More than three-quarters of older workers with less than a high school diploma have physically difficult jobs, while less than one-quarter of older workers with advanced degrees have similarly taxing positions, according to a 2010 study by the Center for Economic & Policy Research. Less-educated workers who plan to work past 65 generally do so because they have to, not because they want to. My Bloomberg colleague Suzanne Woolley recently reported on a survey by the consulting firm Willis Towers Watson that found that employees who expected to work longer were ”less healthy, more stressed, and more likely to feel stuck in their jobs than those who expect to retire earlier.”
Is there a way to take advantage of the work capacity of older Americans without harming the less-educated, who are more likely to have physically difficult jobs and less likely to have the skills employers want? “It’s reasonable to be concerned about the people who may not be able to work longer,” said Coile.Unfortunately, there’s no way to raise the retirement age that’s problem-free. One idea is to raise the normal retirement age to, say, 70, but make it easier for older people to go on disability. Right now, qualifying for Social Security disability insurance is an arduous process that consumes the time and money of both applicants and the government.
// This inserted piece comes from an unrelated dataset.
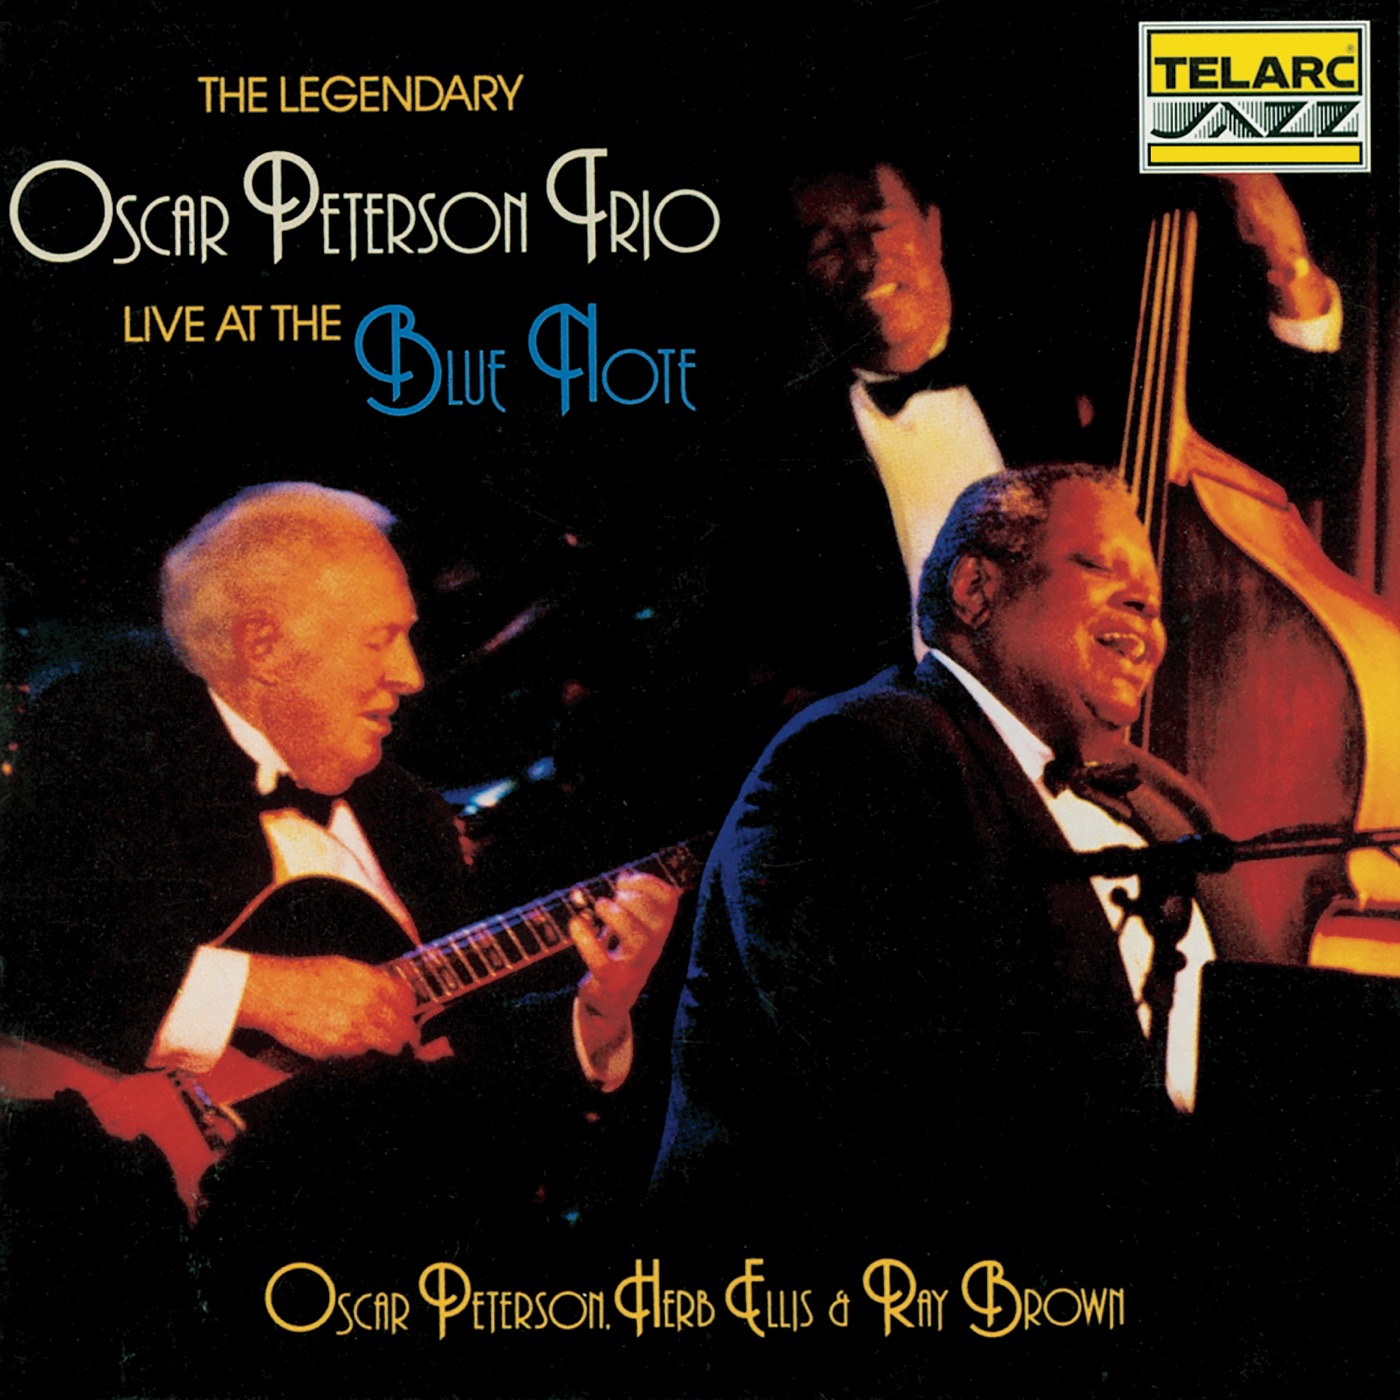 Live At The Blue Note (Live At The Blue Note, New York City, NY / March 16, 1990) by Oscar Peterson Trio

It would be hard to speed up the evaluation process without making a lot of wrong determinations.
A streamlined alternative would be to base the normal retirement age on a worker’s occupation — raising it higher for deskbound jobs. The National Commission on Fiscal Responsibility & Reform proposed something along those lines in 2010, not mentioning occupation as a criterion but “considering relevant factors such as the physical demands of labor.” That could lead to a lot of gamesmanship, however, as people lobby to have their occupations declared onerous. That’s what happened when Greece tried it: As of 2010, the New York Times reported, the early-retirement provision covered ”radio and television presenters, who are thought to be at risk from the bacteria on their microphones, and musicians playing wind instruments, who must contend with gastric reflux as they puff and blow.”
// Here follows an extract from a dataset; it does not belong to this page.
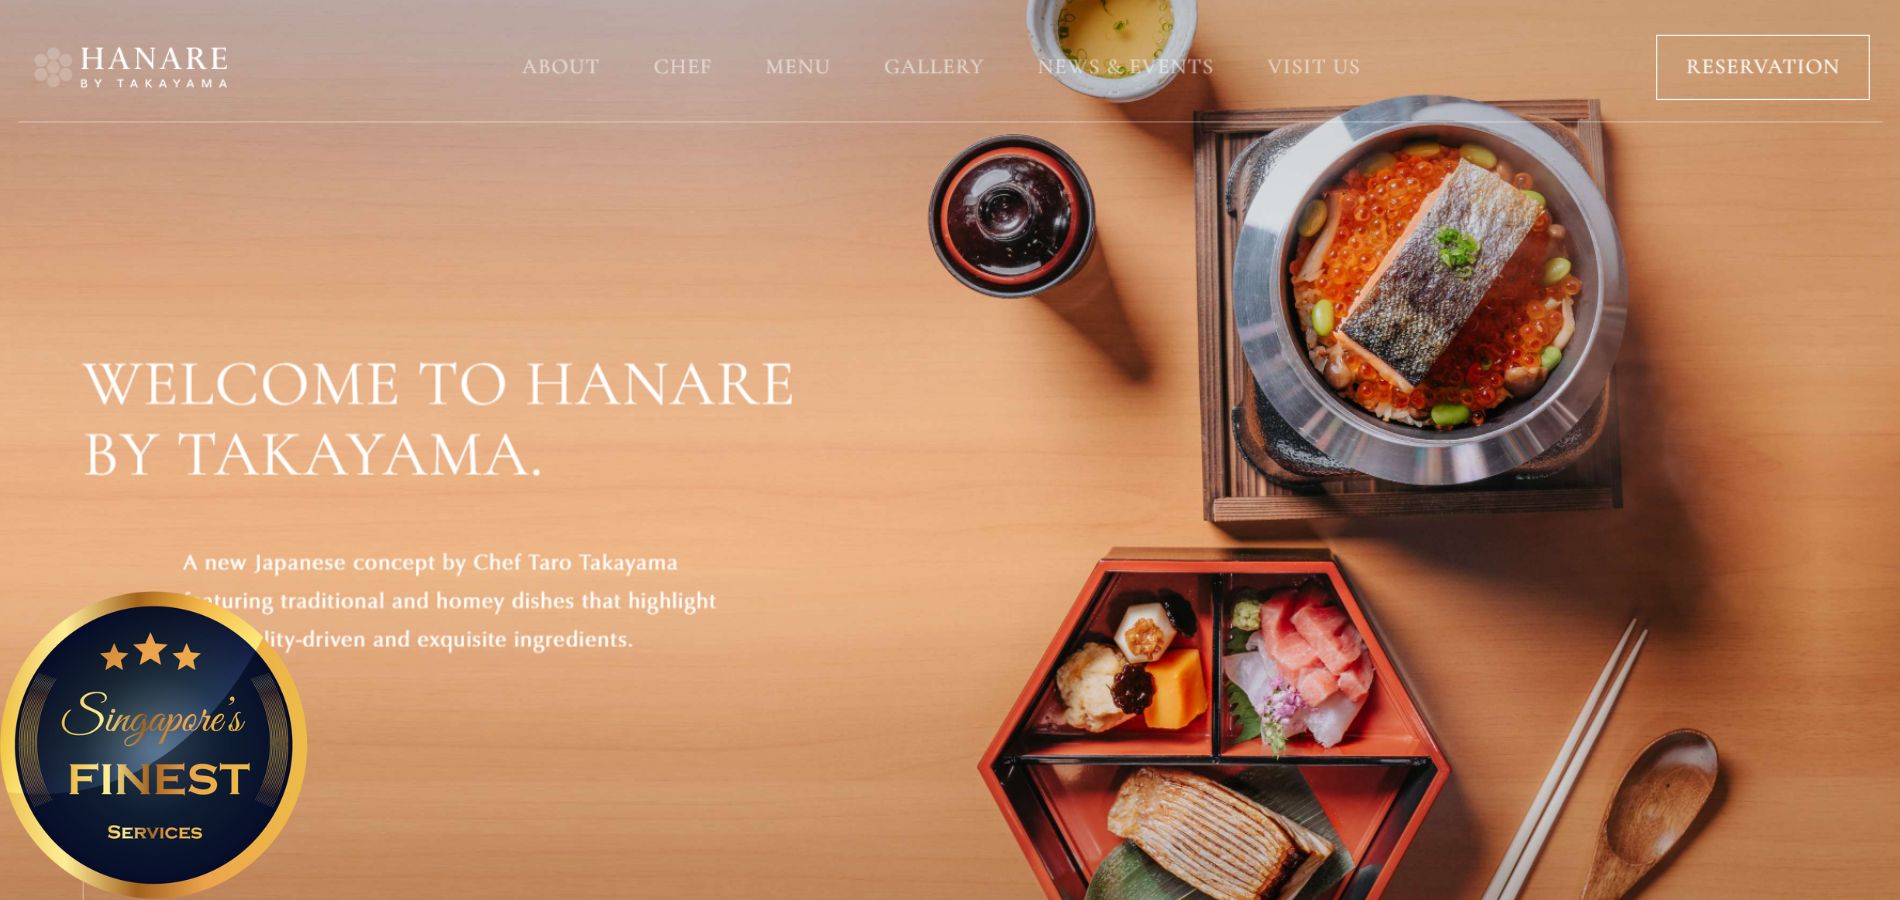 Hanare by Takayama - Bento Box Restaurants Singapore

One problem with today’s Social Security disability insurance is that it’s all or nothing. You either can work or you can’t, as far as the system is concerned. Some economists have suggested moving to something more like that used by the Department of Veterans Affairs, which rates disabilities on a severity scale of 10 percent to 100 percent, or completely disabled. A sliding scale would seem suitable for an aging workforce, since getting old is one long process of sliding downhill in terms of ability to work.
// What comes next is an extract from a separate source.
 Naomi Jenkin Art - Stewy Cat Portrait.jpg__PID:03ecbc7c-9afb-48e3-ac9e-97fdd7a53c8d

As this last chart shows, there’s room for most people to work longer than they do now, if that’s what the economy and the Social Security system need. The chart shows that the share of people working above the traditional retirement age, while higher than in recent decades, remains lower in percentage terms than it was in the 1940s and 1950s.
Keep in mind that life expectancy for 65-year-old men and women is longer now. It was about 14 years in 1950 vs. 19 years in 2010, according to the National Center for Health Statistics. The idea of a multi-decade period of leisure at the end of one’s life is very much a modern invention, and a costly one for the economy. That’s why finding ways to keep more people working longer — in an equitable way — is a priority.